Чертыхаясь, они барахтались в грязи, сверху же продолжали щелкать камеры. К усатому присоединились еще несколько фотографов. Наконец Гордону удалось вскочить. Он рывком поднял Алису и потащил к машине, грубо расталкивая невесть откуда налетевших папарацци.
– Залезай! Быстро! – Парень почти втолкнул ее в джип.
Оказавшись на переднем сиденье огромного автомобиля, Алиса огляделась:
«Какая машина у незадачливого воришки Гордона! Тоже краденая? Что, в конце концов, происходит? Кто все эти люди с камерами? Что им нужно?»
Гордон заблокировал двери.
– Что им от тебя надо? Кто ты? – дернула его за плечо Алиса.
– Не сейчас, пожалуйста! – Он завел мотор.

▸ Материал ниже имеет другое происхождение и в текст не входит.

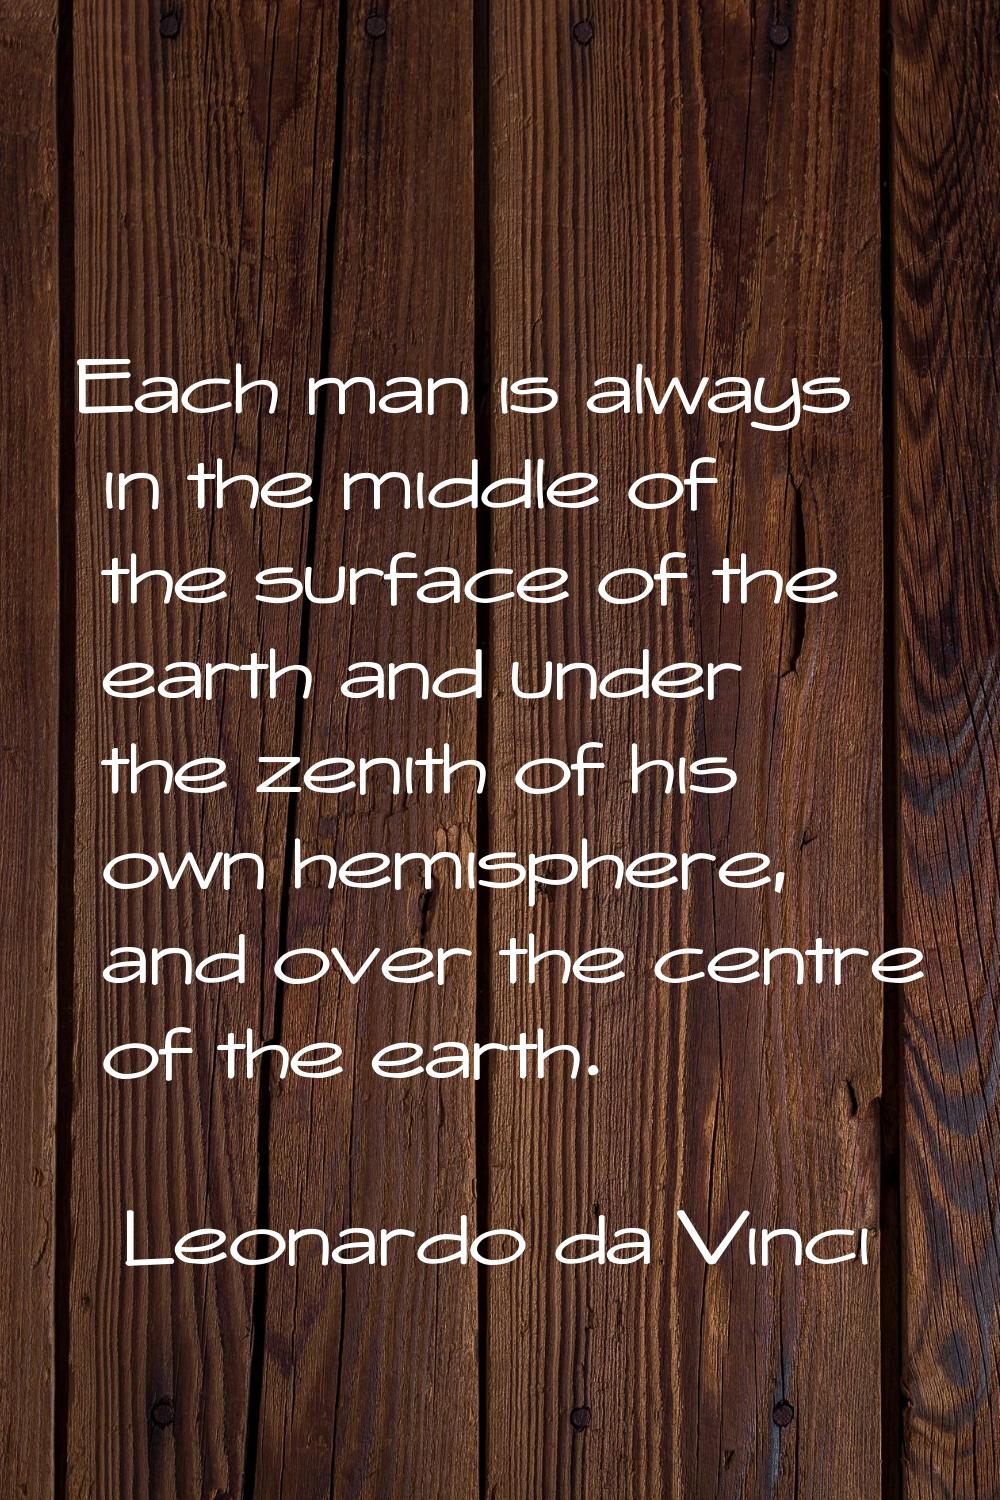 Each man is always in the middle of the surface of the earth and under the zenith of his own hemisp

Откуда ни возьмись вылетела странно раскрашенная девчонка-школьница, прилепила к стеклу журнал, раскрытый на развороте с рекламой фильма «Полнолуние-3», и заверещала:
– Автограф! Дайте автограф!
Алиса съежилась. Казалось, она очутилась в каком-то сумасшедшем сне. Гордон выкрутил руль и ударил по газам. Автомобиль сорвался с места, журналисты разлетелись в разные стороны, и лишь девчонка продолжала истошно вопить:
– Укуси меня! О Дерек, я тебя так люблю…
Гордон гнал машину по темному шоссе:
– Надо оторваться как можно быстрее, пока они не пустились в погоню.
Алиса посмотрела в зеркало заднего вида: из-за поворота показались крохотные светящиеся точки. Гордон выругался, погасил огни и, резко свернув, поехал прямо по песку в сторону пляжа, где и заглушил мотор. Огоньки на дороге промелькнули в направлении Лос-Анджелеса. Алиса поняла, что он привез ее на тот самый пляж, где они гуляли ночью. Билборд с изображением прекрасного Дерека Форкса светился чуть в стороне.
Девушка едва сдерживала смех: надо же было все это время оставаться такой слепой.
Она искоса взглянула на Гордона:
«Бедняга, тяжело ему приходится. Не жизнь, а непрекращающийся кошмар. Немудрено, что боится людей».
– Надо было раньше все тебе объяснить, но я боялся, понимаешь…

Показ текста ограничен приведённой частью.